The decision of the principal regulator under the Legislation is that the Exemption Sought is granted provided that:
(a) the Offering Memoranda are distributed solely to, and all purchasers under the Canadian Offering are, "accredited investors", as defined in NI 45-106;
(b) less than 10% of the Ordinary Shares are held by residents of Canada after the Global Offering;
(c) at the time the Offering Memoranda are distributed to accredited investors in Canada:
(i) the Filer is incorporated pursuant to the laws of Bermuda with its head office in Hong Kong;
(ii) the Filer is not a reporting issuer in any of the Jurisdictions; and
(iii) the Filer has not been, and is not as a result of the distribution of the Offering Memoranda, subject to any requirement to file a technical report under NI 43-101; and
(d) the Offering Memoranda include the following statement:
The Canadian regulatory authorities have exempted the issuer from the requirement in National Instrument 43-101 -- Standards for Disclosure of Mineral Properties ("NI 43-101") that the disclosure regarding mineral reserves and mineral resources in this Offering Memorandum be prepared in compliance with the definitions and standards of the Canadian Institute of Mining, Metallurgy and Petroleum (the "CIM Standards").
The scientific and technical information on the Quanshuigou, Shizhuanggou, and Xiaohuangshan mining right areas and mines located in located in Xinjiang Uygur Autonomous Region of the People's Republic of China, which is contained in this offering memorandum, was prepared in compliance with the Australasian Code for Reporting of Exploration Results, Mineral Resources and Ore Reserves (the "JORC Code") published by the Joint Ore Reserves Committee of the Australasian Institute of Mining & Metallurgy, Australian Institute of Geoscientists, and Minerals Council of Australia.

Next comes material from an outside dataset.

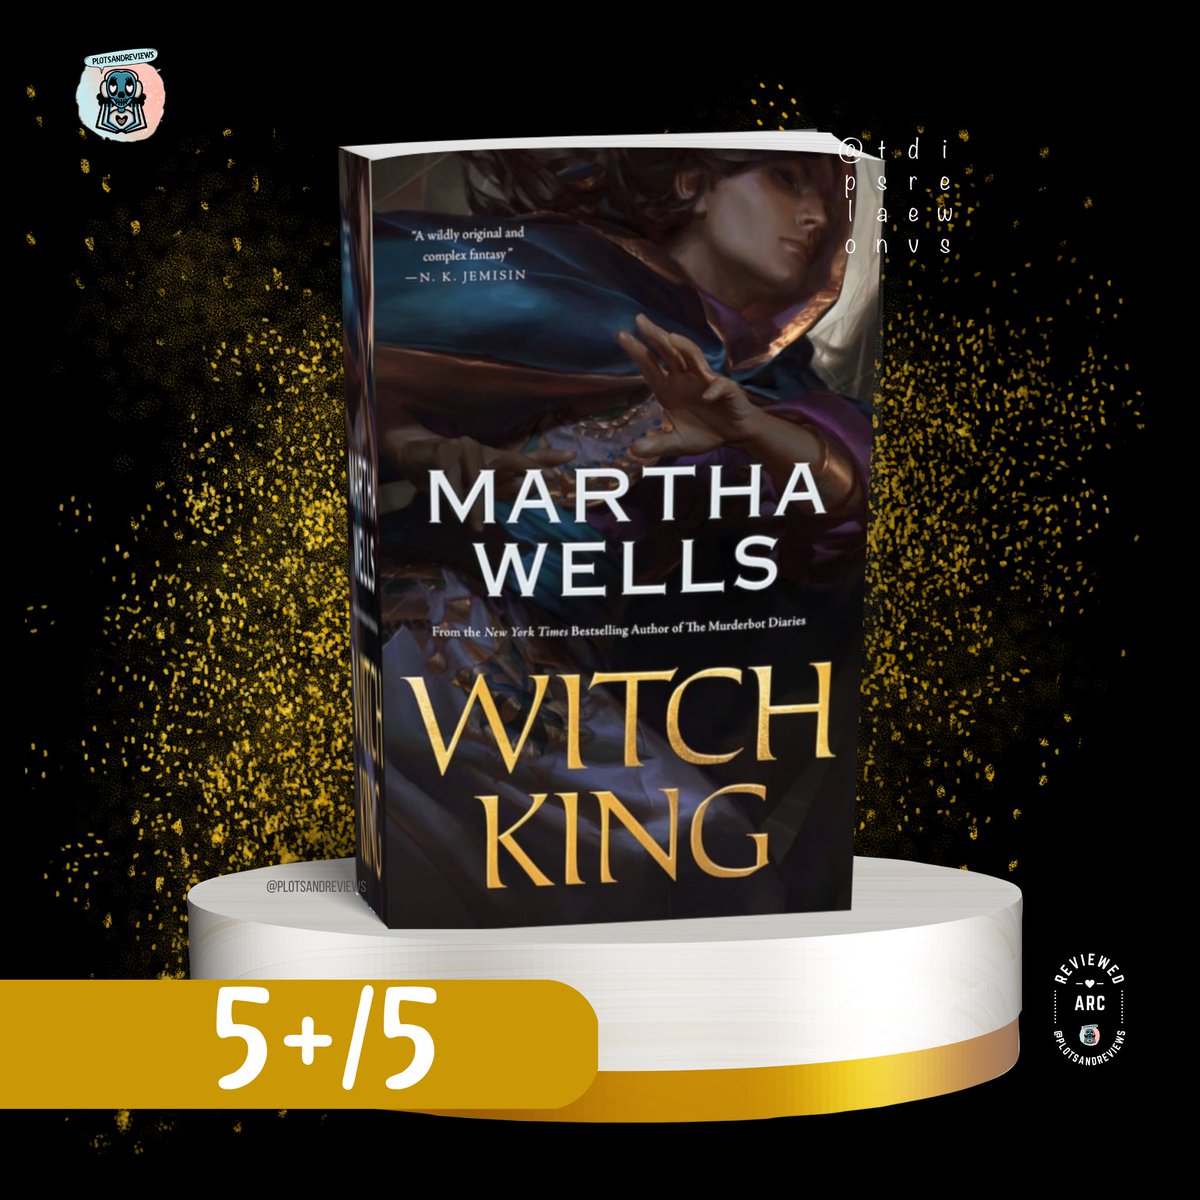 I LOVED IT, I loved it more than I possibly could have thought! 

Thank you for the ARC #torbooks #marthawells

In the opinion of John T. Boyd Company ("JTBC") in the context of the Quanshuigou, Shizhuanggou, and Xiaohuangshan mining right areas and mines located in Xinjiang Uygur Autonomous Region of the People's Republic of China (i) the definitions and standards of the JORC Code are substantively similar to the CIM Standards, which are recognised by the Canadian regulatory authorities and contained in NI 43-101; and (ii) a reconciliation of mineral resources and mineral reserves prepared in compliance with the JORC Code would not result in a materially different mineral resources and mineral reserves as prepared in compliance with the CIM Standards.